Thursday, June 30, 2016

9th Canadian Challenge - 21st Review - The Heart Goes Last

I've already touched on the overriding feature of this book, Atwood imagines a near future where the U.S. Midwest/Rustbelt has suffered a devastating economic collapse, and the vast majority of residents are scrambling to survive.  This leads the main couple of the novel (Stan and Charmaine) to go to a seminar, where instead of pitching timeshares in Florida, the organizers are recruiting people to move to the planned town of Consilience.  The organizing principle of Consilience is that half the town's population is incarcerated in Positron Prison, but the real kicker is that everyone switches roles each month.  Even knowing this (and being warned by his ex-con brother, Conor, not to sign up) Stan feels that there are no other reasonable options, and he agrees to join up.  Charmaine was basically sold the moment she found out that they would be sleeping in beds again (or at least a kind of prison cot half the time), instead of in their car.

Stan gets an "outside" job repairing the scooters that every rides around town (the few cars are reserved for the town's security forces) and on the months he is in prison, he is responsible for monitoring the chickens, grown to feed the town and prison population.  In general, the prisoners (not really being criminals) are put to good economic use, though there are indeed pressures to make the prison more profitable.

One month, Stan finds a note from the alternate tenants in his house -- Jasmine has penned a love note to Max -- and Stan finds himself fantasizing about meeting Jasmine on the switch-over day, since his love life with Charmaine is not as fulfilling as it once was.  In his efforts to find out more about Jasmine, Stan ends up learning quite a few of Consilience's secrets...

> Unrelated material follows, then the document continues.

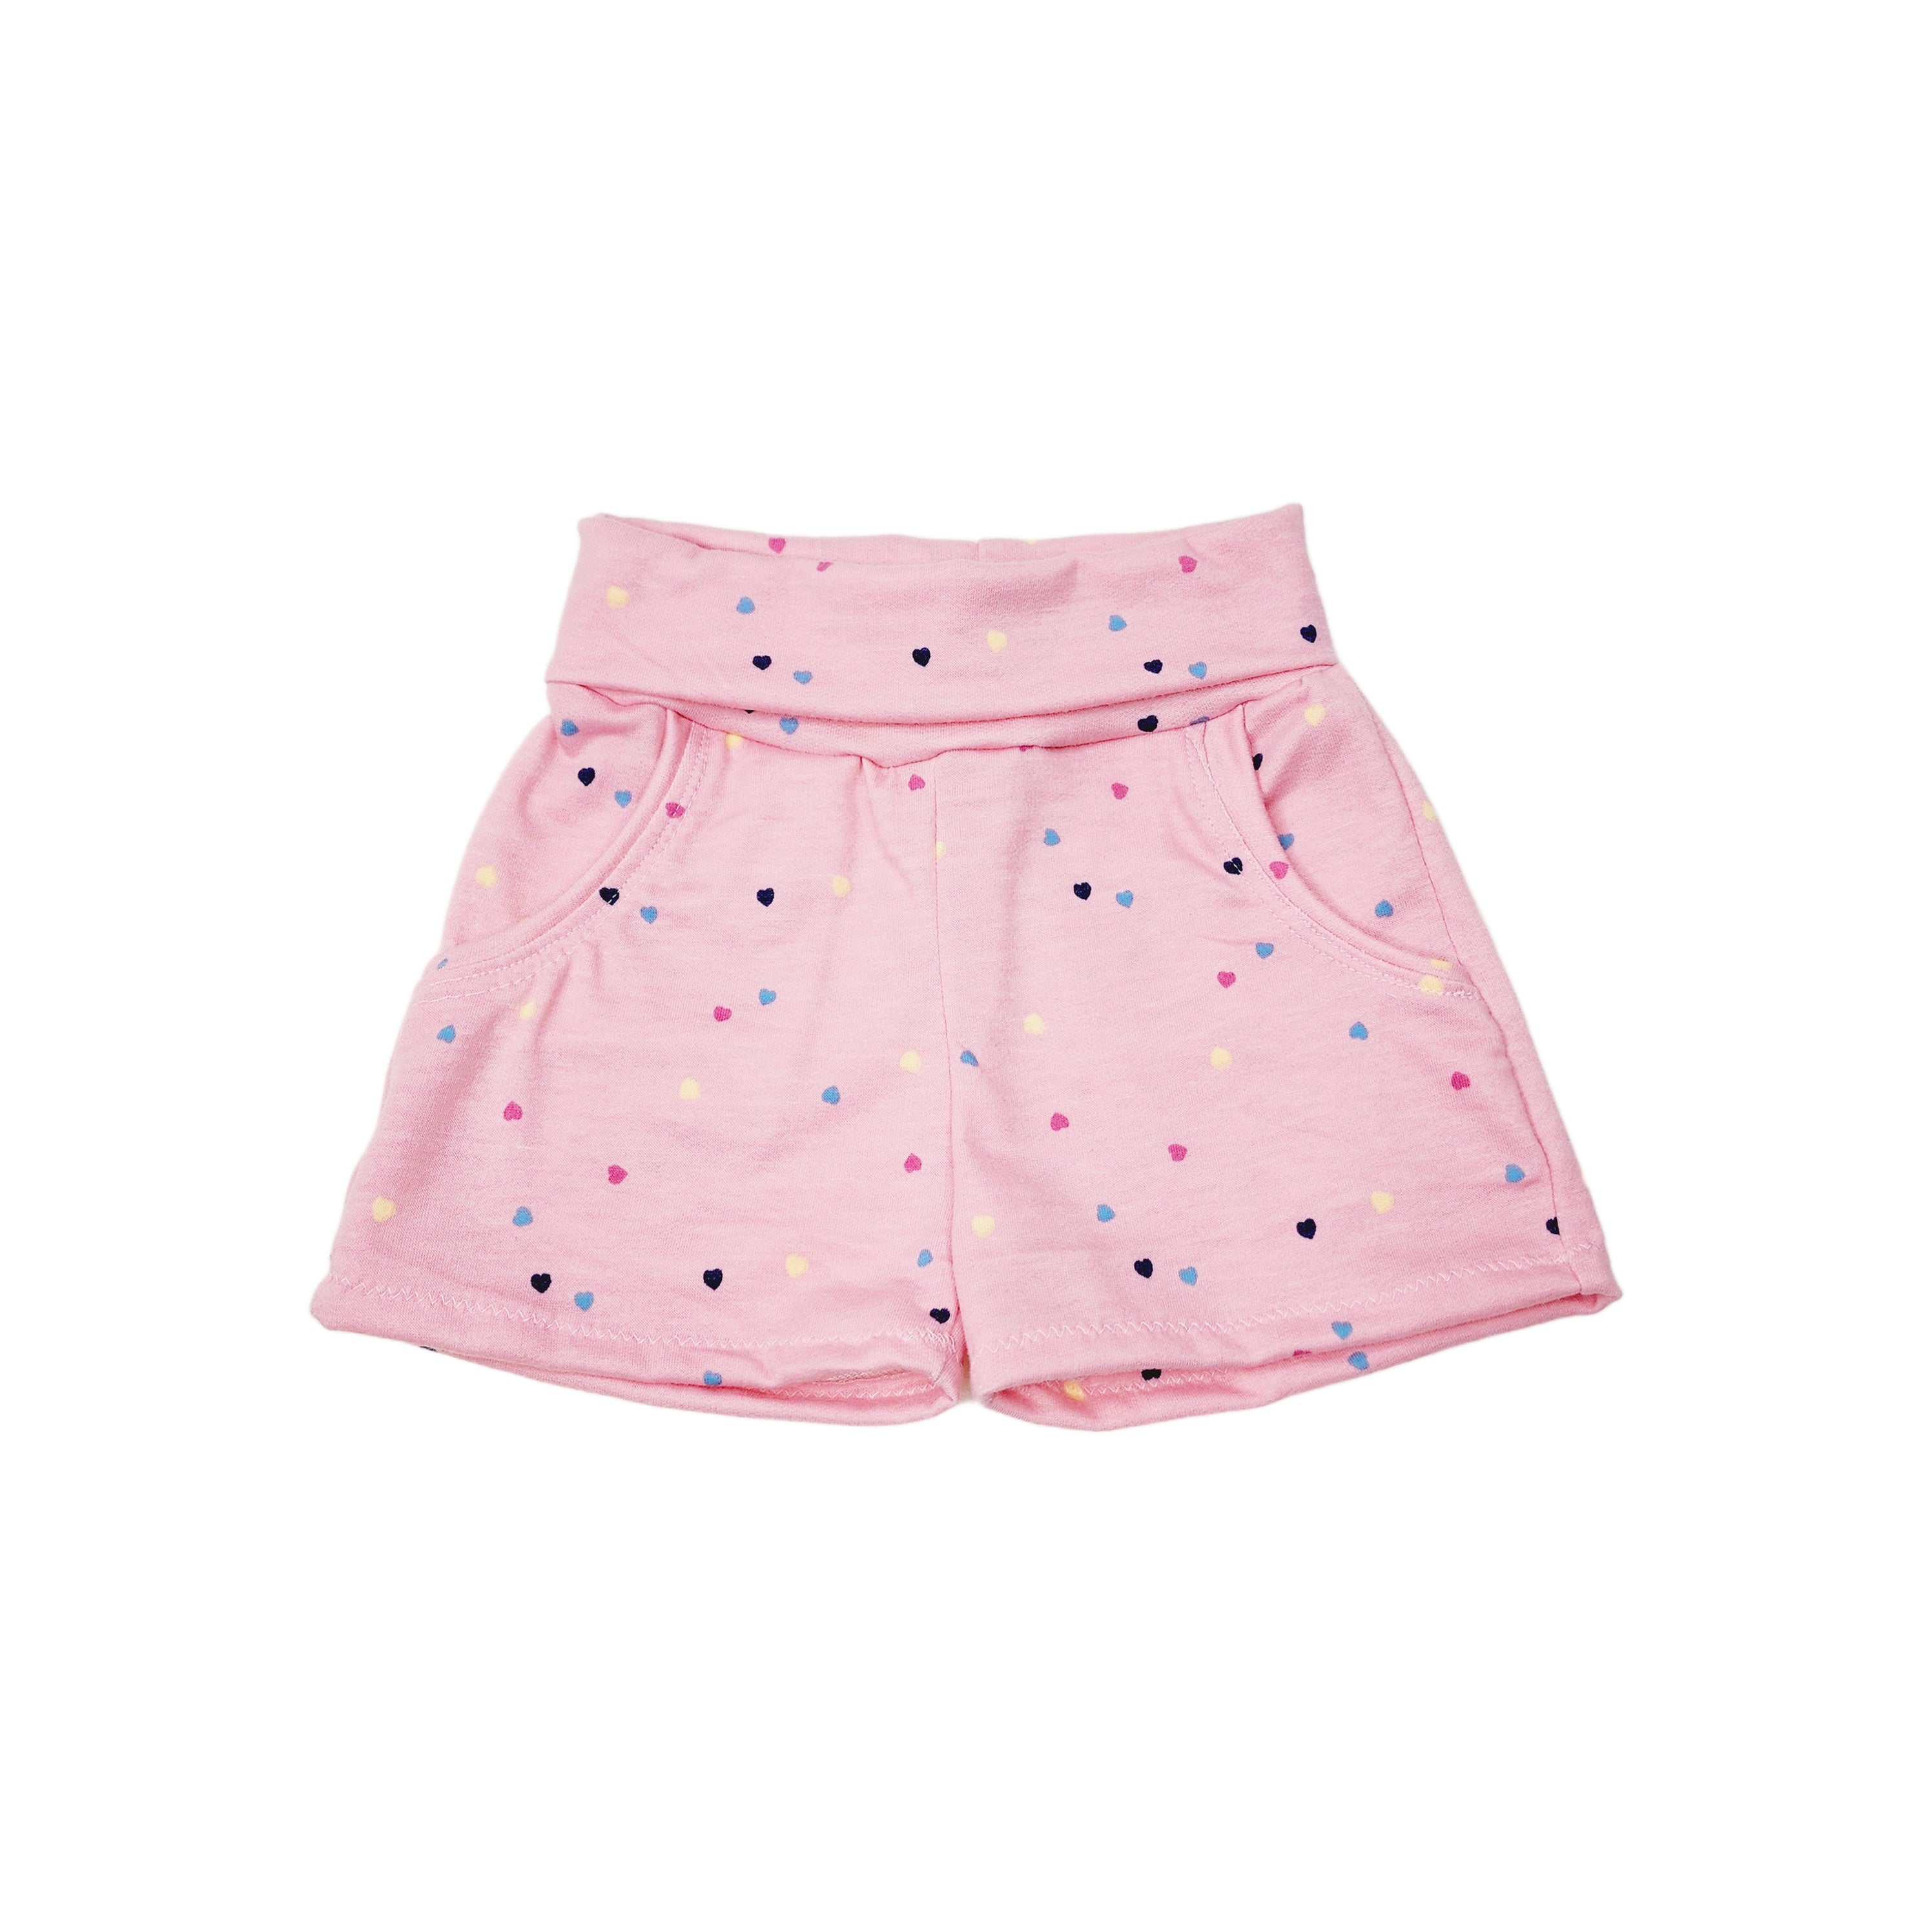 Pink Confetti Heart Print Knit Terry Shorts for Girls
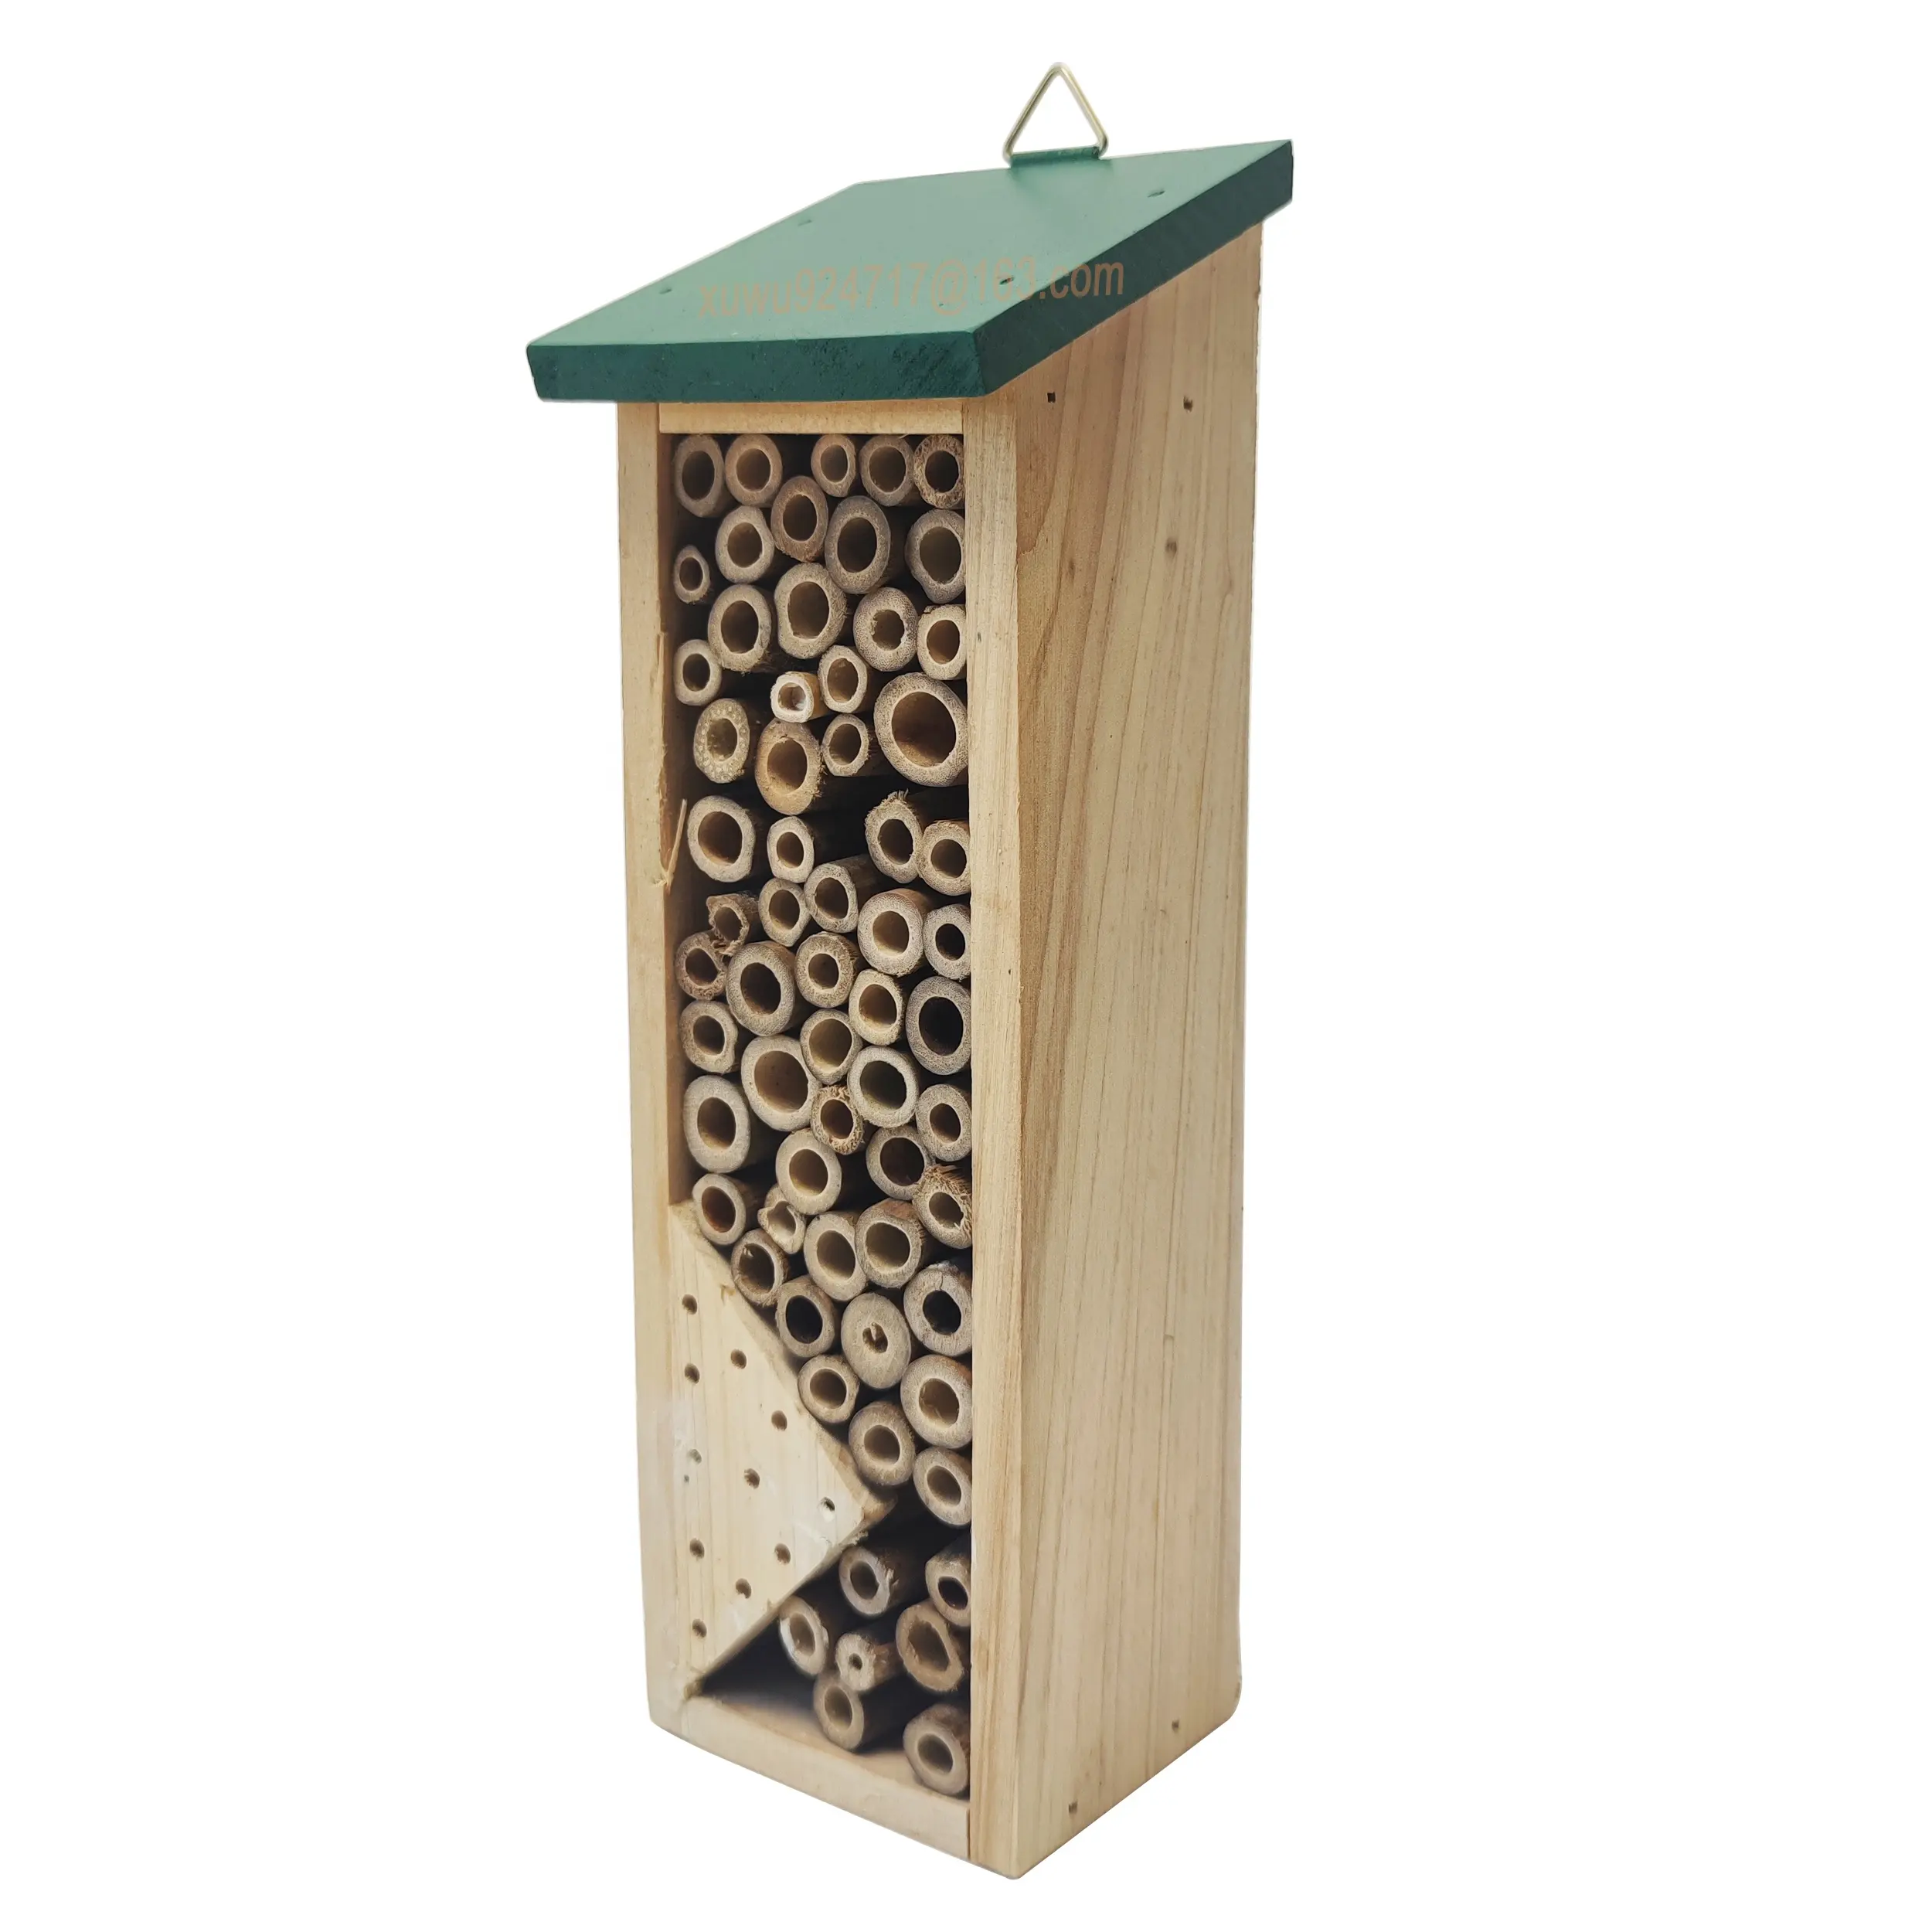 Solid Wood Garden Box Insect Pets Feeder Carrier Nice Insect House Hotel Cages Outside Butterfly Bird Bee Insect Box Nest

This is definitely one of the more plot-driven novels by Atwood that I have read.  (The trade-off is that the characters are all fairly shallow and we don't have much philosophizing in the book.)  It is a fast read, and I thought I would read it over 4 or so days, but on my second day of reading, I got quite hooked and stayed up late to finish it. 

I think it would be unfair to reveal more of the plot now, particularly as the book is still quite new (2015) and it is better to experience the various reveals first-hand.  I will say that little is what it appears, and I certainly wonder if Atwood was at all influenced by Philip Jose Farmer's Riverworld series (where aliens are behind this massive scheme to resurrect all humans, though I can't even remember their ultimate motivations) or Dayworld, which offers up a vision of people switched on and off over different days of the week (with a few Daybreakers who cross into other times where they don't belong, a bit like Stan incidentally).  Since Atwood has talked in the past about how she doesn't really read SF, she may have been more likely to have watched and been influenced by David Cronenberg's eXistenZ, where nothing is quite as it seems.  That's a fairly apt description of The Heart Goes Last.  The novel probably won't make my top ten list for the year, but it was an entertaining romp with several unexpected twists.  It might be worth reading just to see how Atwood approaches the thriller genre, since it certainly isn't the type of novel she typically writes.